The father has resources to spare, and the younger son wants to exploit that. “Give me free stuff, so I can do with it as I please.” He doesn’t need the dad beyond what the father will do for him to make his life happy, fun, and completely independent from Dad. The father doesn’t deny his son the good resources at his disposal. He gives freely—to both of his sons (v. 12).
You know the story: the younger son burned his bridges and burned through his cash in fun but destructive ways, accomplishing nothing except having a good time, living the vida loca. As we all know, the party has to end sometime, and it does for the kid. It turns out he’s not so self-sufficient after all, as he thought. He has sunk to the bottom of degradation, symbolized by a good Jewish boy caring for pigs. The irony is not lost.
v. 16: “He longed to fill his stomach with the pods that the pigs were eating, but no one gave him anything.” Funny, his father gave him everything, but his friends, his decisions, his choices, and his lifestyle give him nothing. The irony is not lost.

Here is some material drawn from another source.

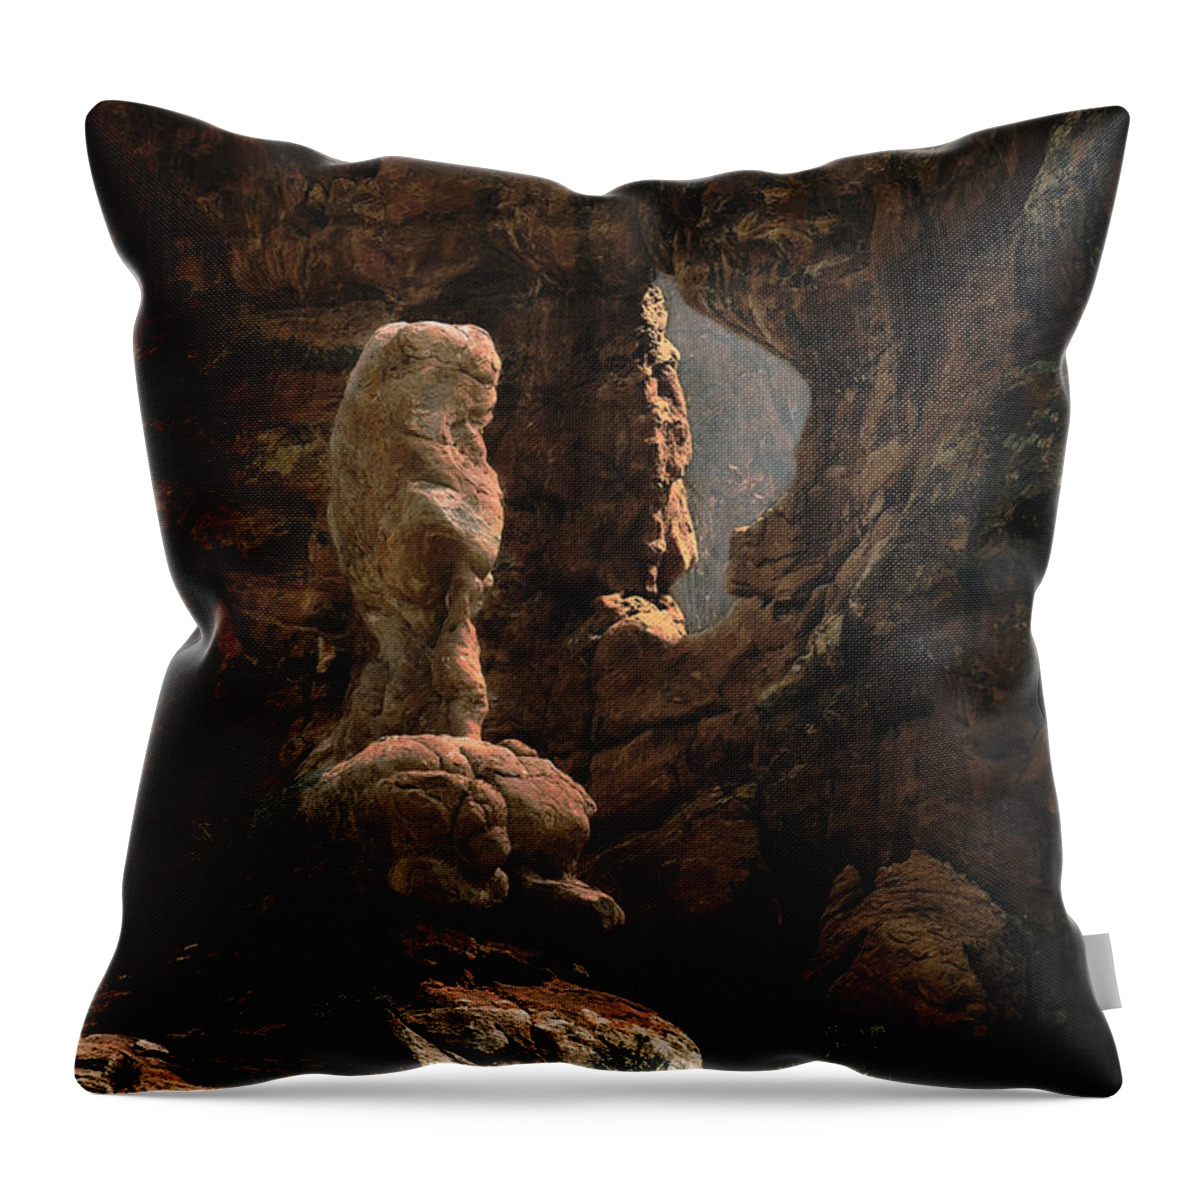 Desert Throw Pillow featuring the photograph Gremlin at the Window by John Christopher

The turning point comes in v. 17: “He came to his senses.” It turns out that the deep desires of his soul were not satisfied, and reality slapped him hard. He decides to try to return to his dad. He took his father’s inheritance as if the father was dead; now he returns broke and alone, starving and humiliated, as if he himself is dead. The irony is not lost.

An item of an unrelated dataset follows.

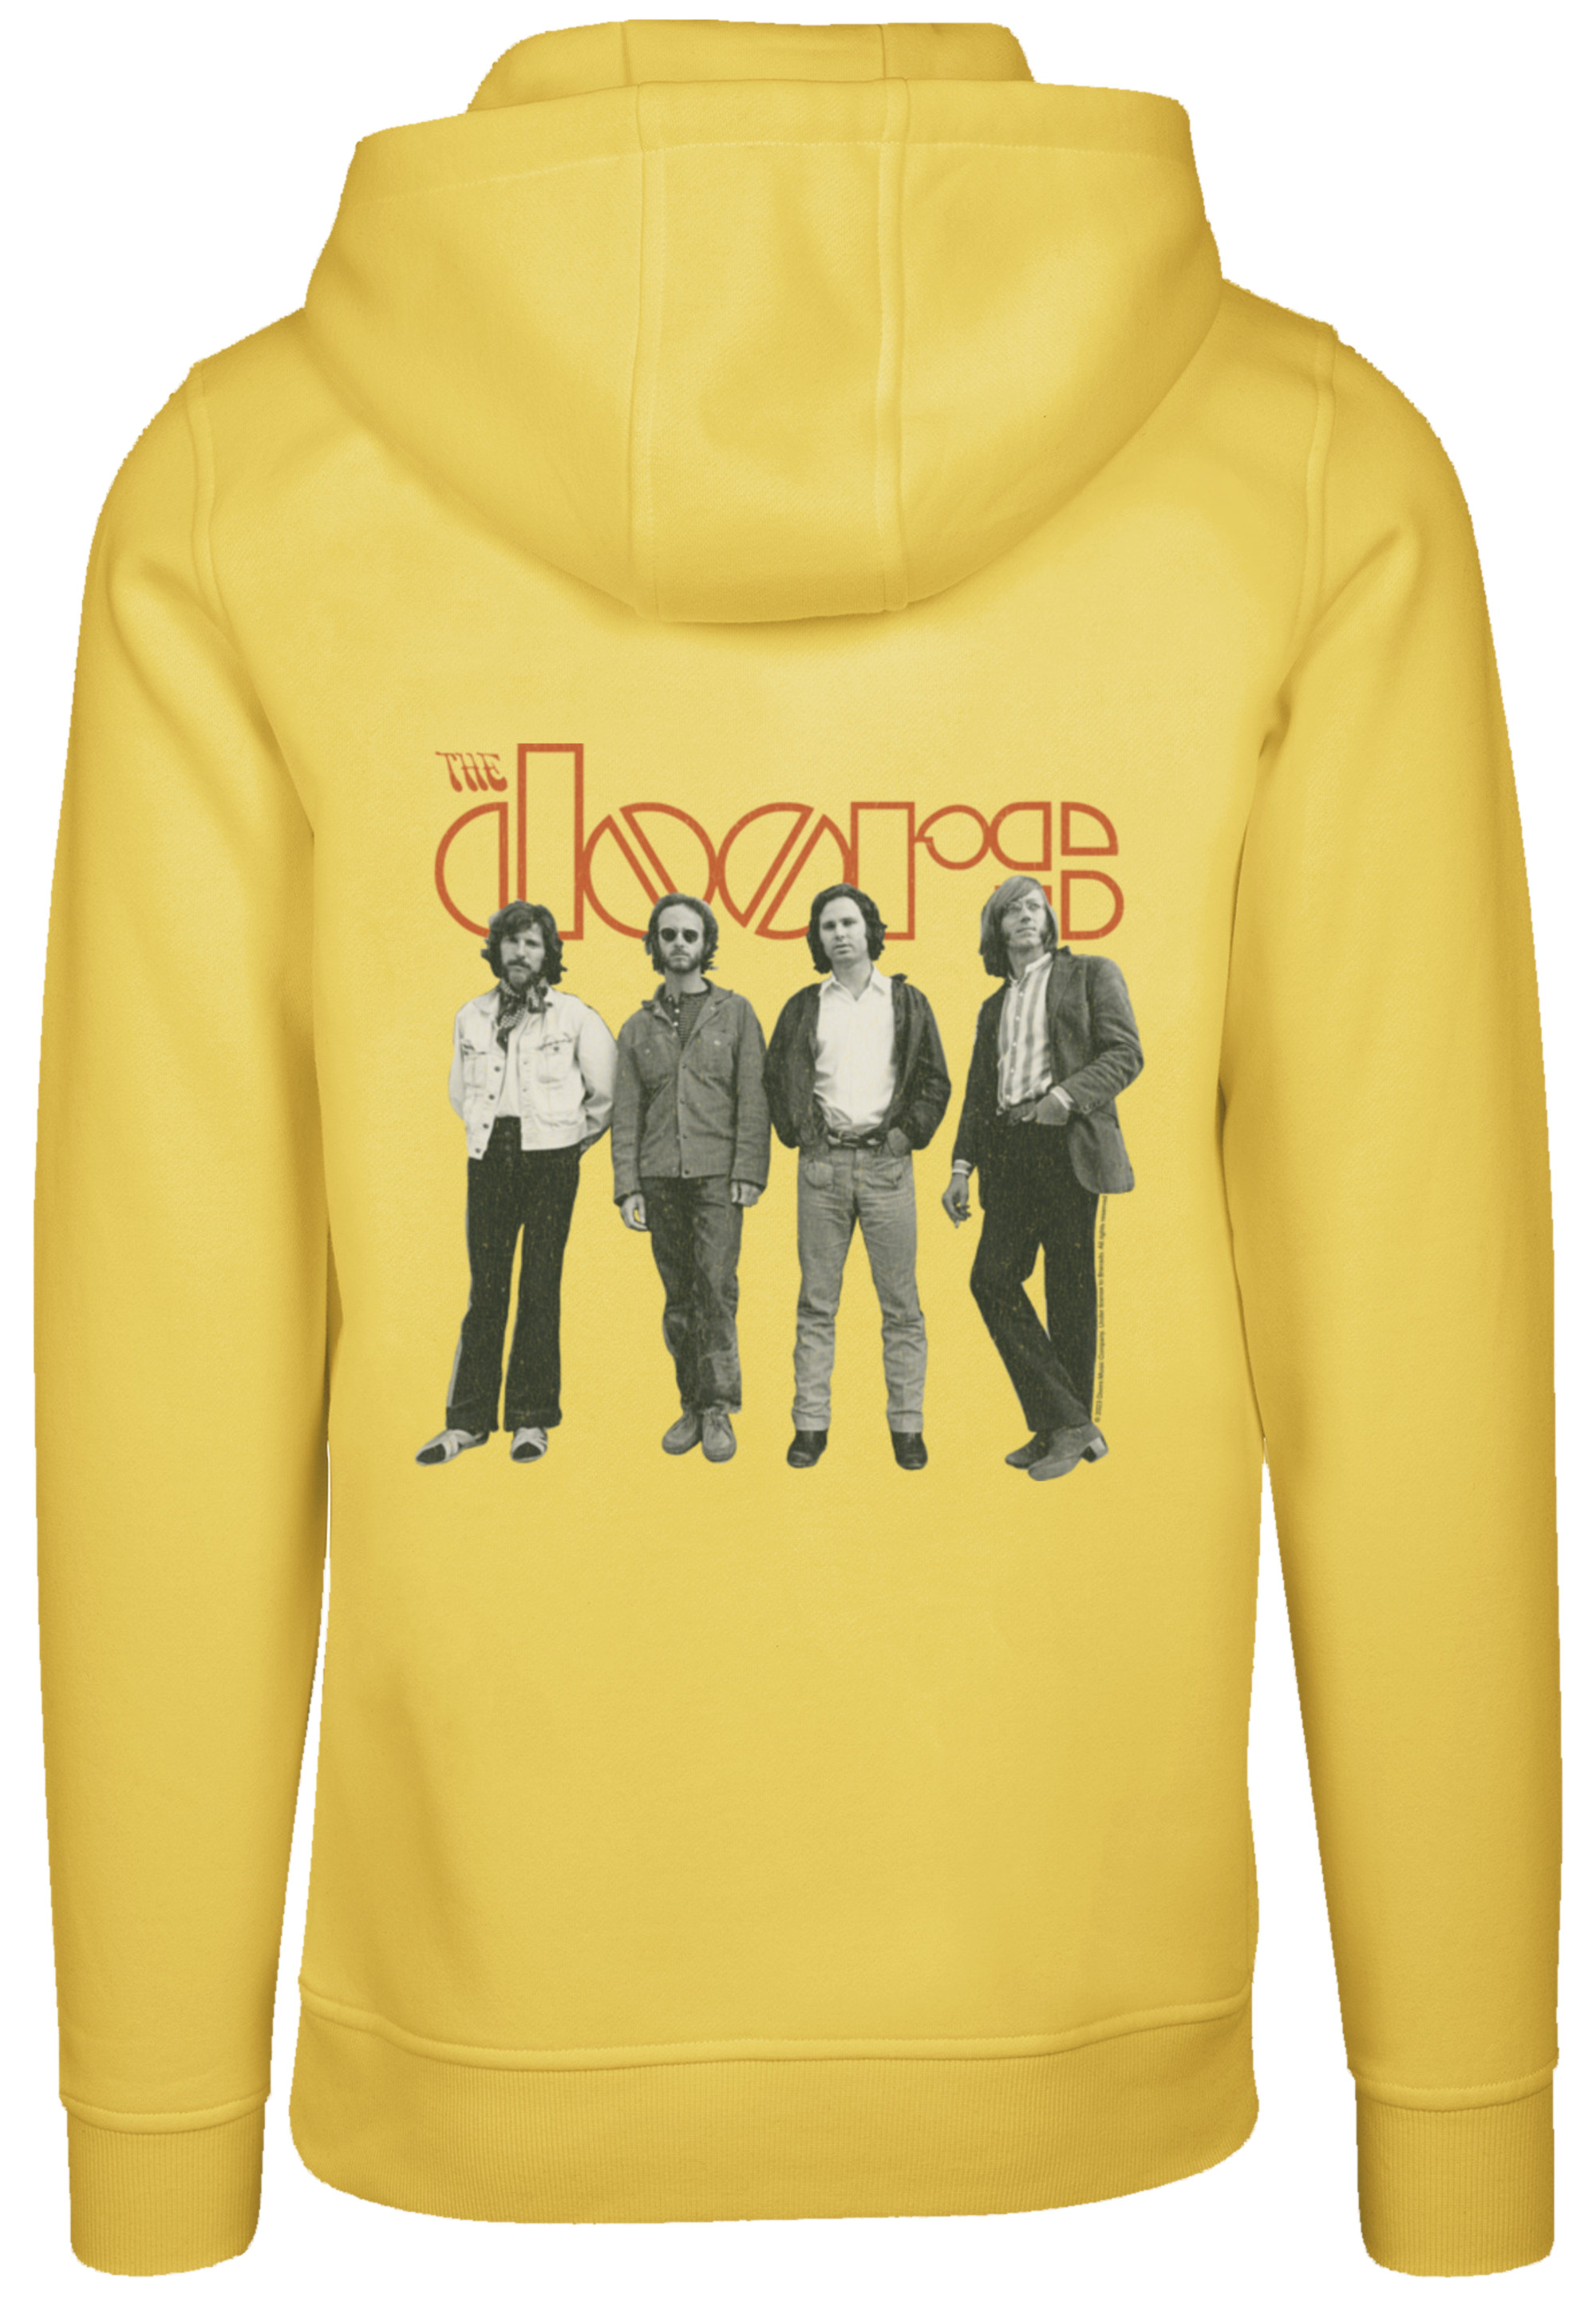 Пуловер F4NT4STIC Hoodie The Doors Music Band Band Standing, цвет taxi yellow

V. 20 makes the heart leap with the kind of emotion that both surprises (wouldn’t the father hold a grudge?) and comforts (parents never stop loving their kids). It’s Jesus’ picture of God (just as in the previous two stories). This guy is WATCHING for his son. In this story, in contrast to the previous two where the main character seeks, the father won’t go against the free will of his son. But he is seeking in the only way he can, by watching every day for his son to come back. “While he is still a long way off, the father saw him, and was filled with compassion (not anger); he RAN to his son, threw his arms around him and kissed him.” There can hardly be a more poignant image of love and acceptance, of joy and grace. The son had left saying “Give me,” and returned saying “Forgive me.” The irony is not lost.
The father is exuberant in honor. Fancy clothes to replace the rags he no doubt walked home in; the accessories of a son to replace his request to be a slave; compassion instead of disapproval. There is no such thing as “undesirable” to God. And notice the strong death/rebirth motif. The father has been the one to suffer; the father has been the one who lost. A sheep runs away—whose is the loss? The Shepherd. A coin is lost—whose is the loss? The woman’s. A son is lost—whose is the loss? The Dad.

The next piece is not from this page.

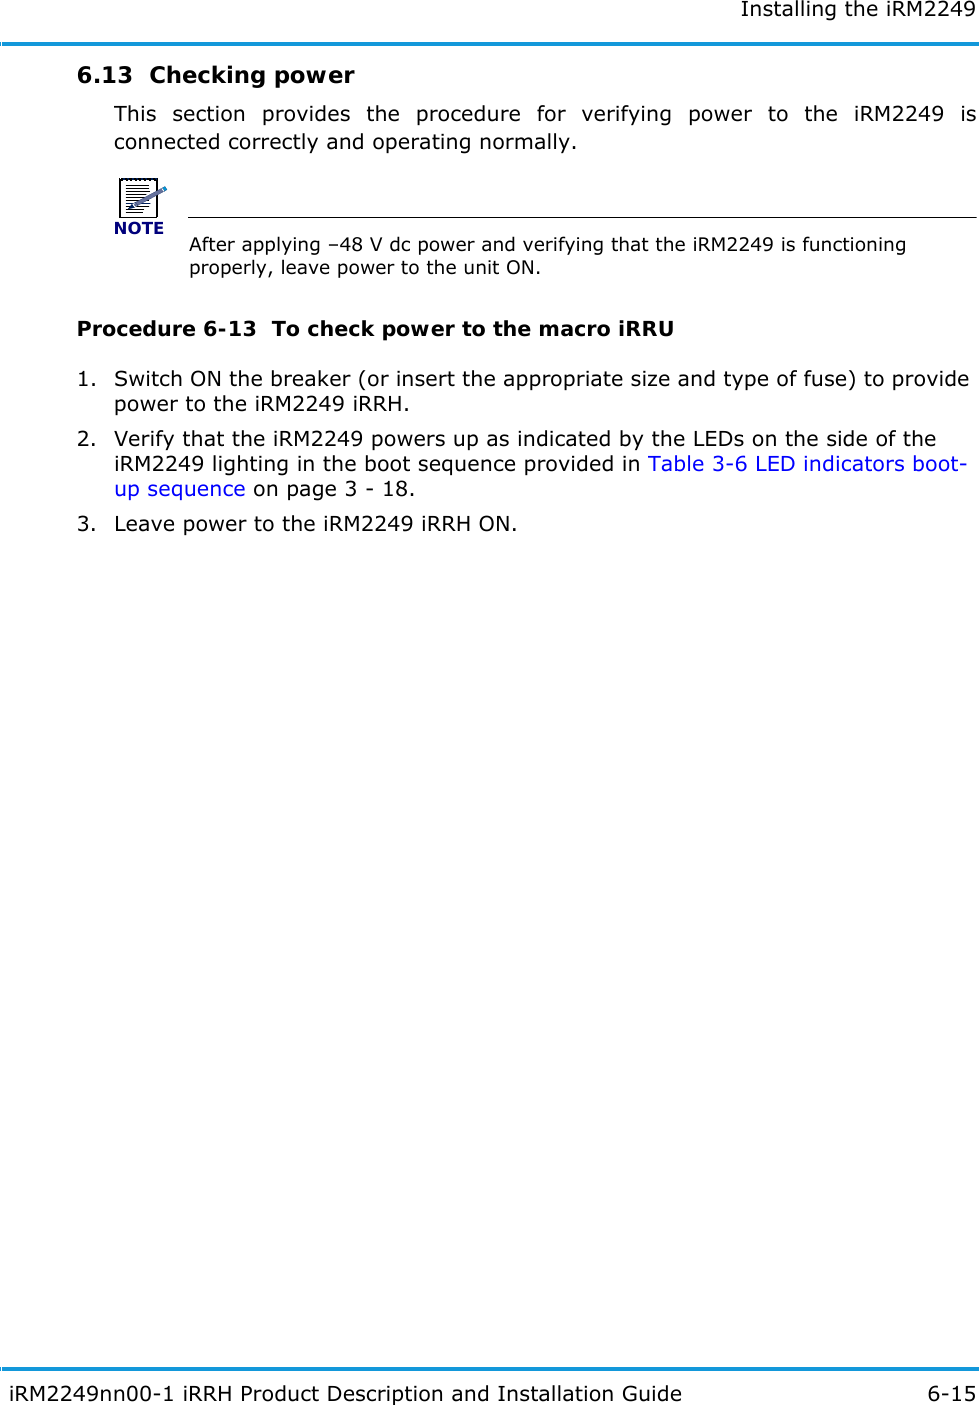 Installing the iRM2249 iRM2249nn00-1 iRRH Product Description and Installation Guide 6-156.13  Checking powerThis section provides the procedure for verifying power to the iRM2249 is connected correctly and operating normally.NOTEAfter applying –48 V dc power and verifying that the iRM2249 is functioning properly, leave power to the unit ON.Procedure 6-13  To check power to the macro iRRU1. Switch ON the breaker (or insert the appropriate size and type of fuse) to provide power to the iRM2249 iRRH.2. Verify that the iRM2249 powers up as indicated by the LEDs on the side of the iRM2249 lighting in the boot sequence provided in Table 3-6 LED indicators boot-up sequence on page 3 - 18.3. Leave power to the iRM2249 iRRH ON.

The older son enters the story. We see anger. He sees violated standards and injustice, and he is dripping with contempt (30). The father didn’t shut him out; he shut himself out. But this story is about THE FATHER. V. 28: The father goes out to him, just as he had to the younger son, not in disapproval, but compassion. God is both the one who waits, and the one who seeks. He will do whatever is necessary and appropriate for each situation, for each person. “The only thing that matters,” the father pleads, “is that he’s here.” The point is not lost.